"It is Thy cause and kingdom I long for, not my own"
This line from a prayer I recently read (from one of my favourite books) has taken up residence in my mind these days and is becoming a theme, a lesson the Lord is teaching me.
As a Christian, I agree - it is Christ's purposes and kingdom I ultimately desire - but I also see something else at work in my heart, my sinful nature wanting my desires granted, in a sense my kingdom being built.
I want comfort and ease and things going my way. I want my desires and wishes met, and for life to look exactly as I think it should. I want everyone to like me and admire me and treat me well. I don't want trials or my plans and goals to be disturbed, thank you. (And the list could continue.)
But the Spirit places a desire contrary to these in believer's hearts, visible underneath all the clutter of our sinful humanity, found in the beauty of surrender and submission to Him: not my will, but Yours, Father.
It is so freeing. I can stop the struggle of wanting things my way and find rest, because I belong to my Father and He is sovereign and works all things according to the purpose of His will (Eph 1:11).

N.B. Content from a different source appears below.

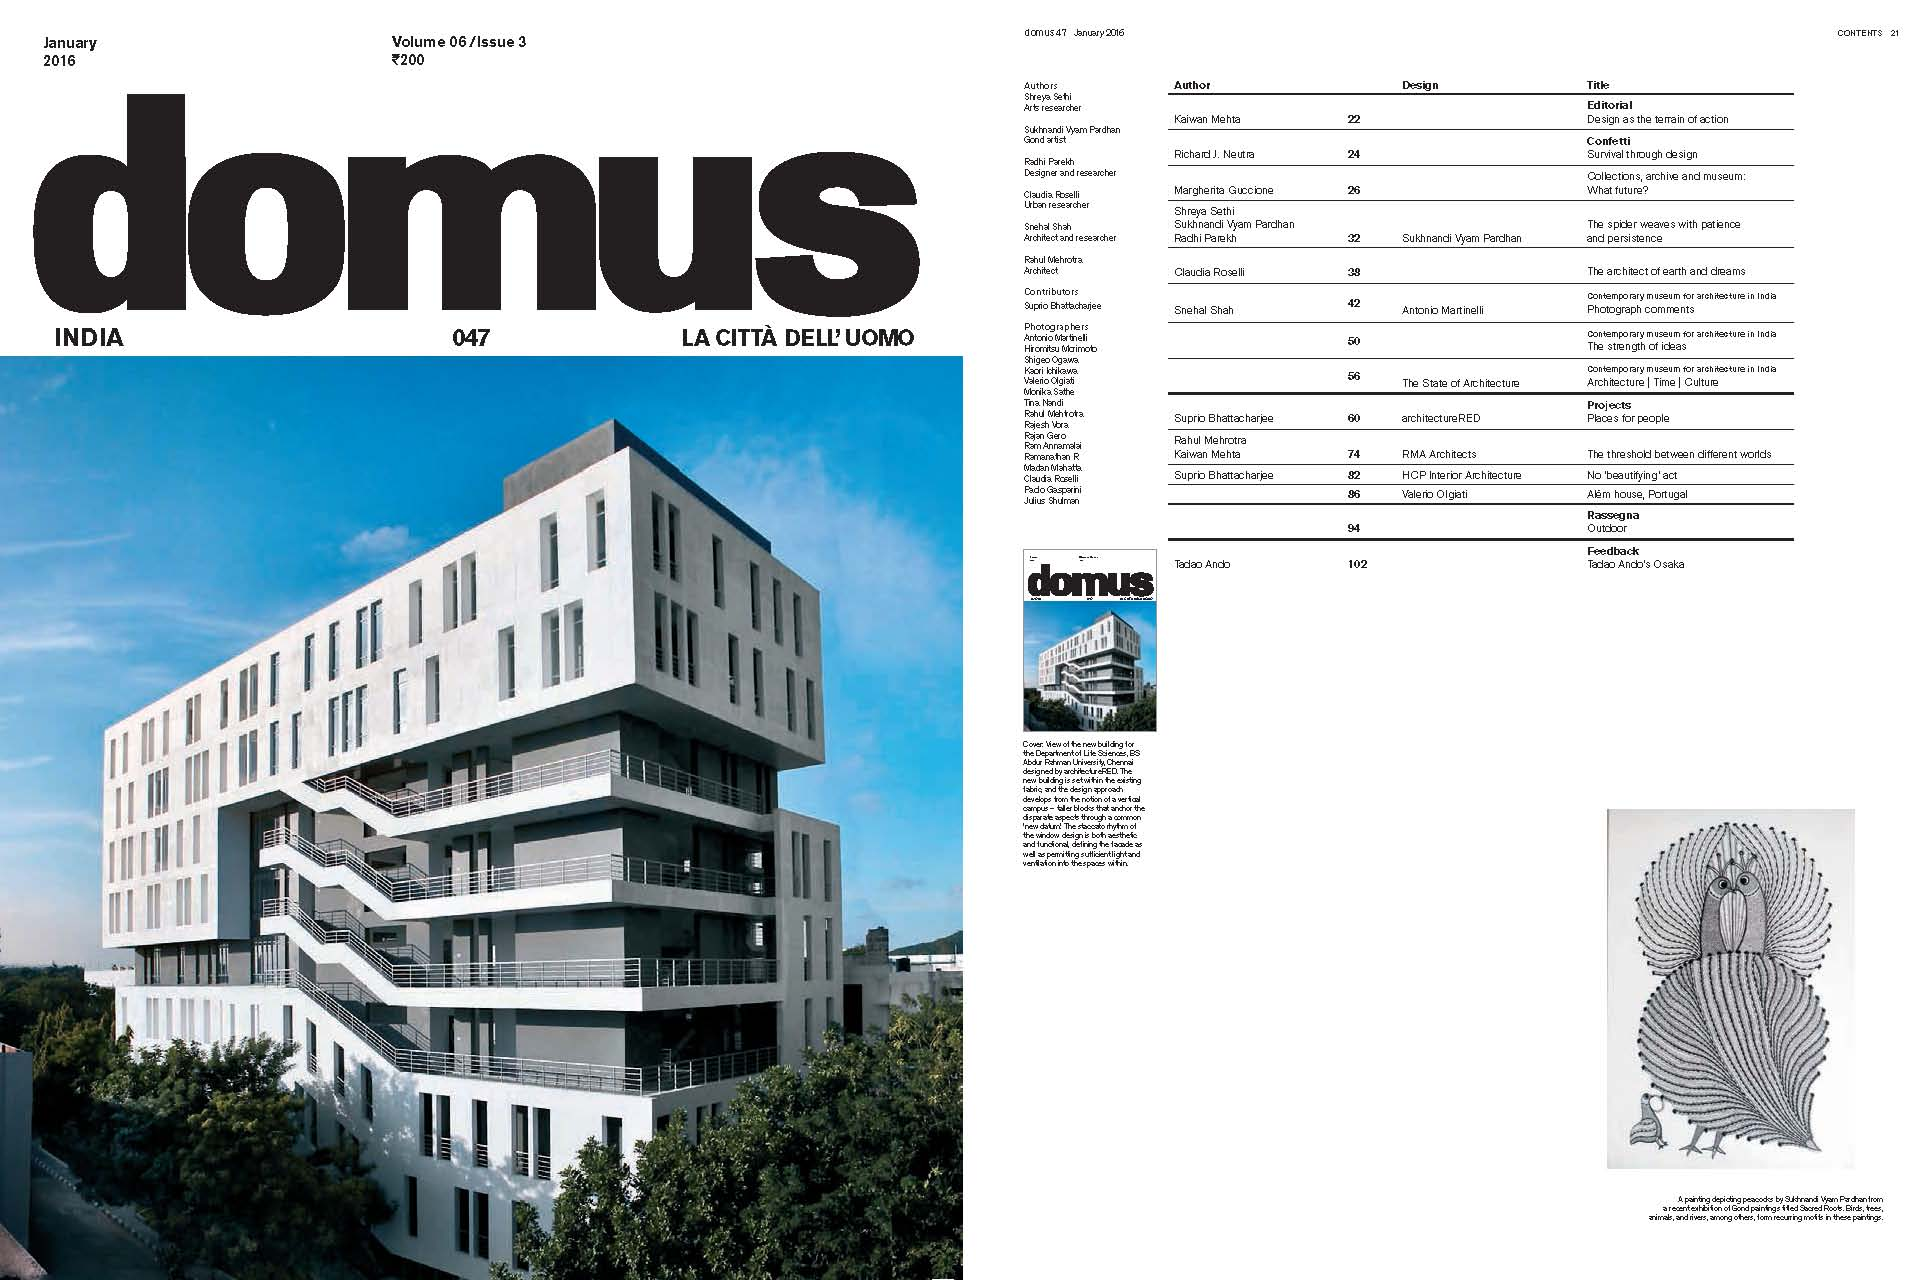 Domus Magazine_Canna Patel_Jan 2016-2_Page_1.jpg

Letting this truth soak into our souls transforms how we think in the midst of the most ordinary or difficult struggles of life - we don't have to give in to frustration or bitterness or hopelessness because God can use even this for His purposes, His cause - nothing is without meaning or wasted in a life belonging to Him.
These days I am reminding myself of these truths in the middle of sleep disrupted nights or dealing with a toddler's tantrum or a thrown-off schedule or lack of "me time". Not real suffering - simply small annoyances - but I am learning (slowly) to surrender it all to Him, praying for the fruit of much-needed sanctification, trusting that all His ways are good.
May I long for your kingdom, Lord, not my own.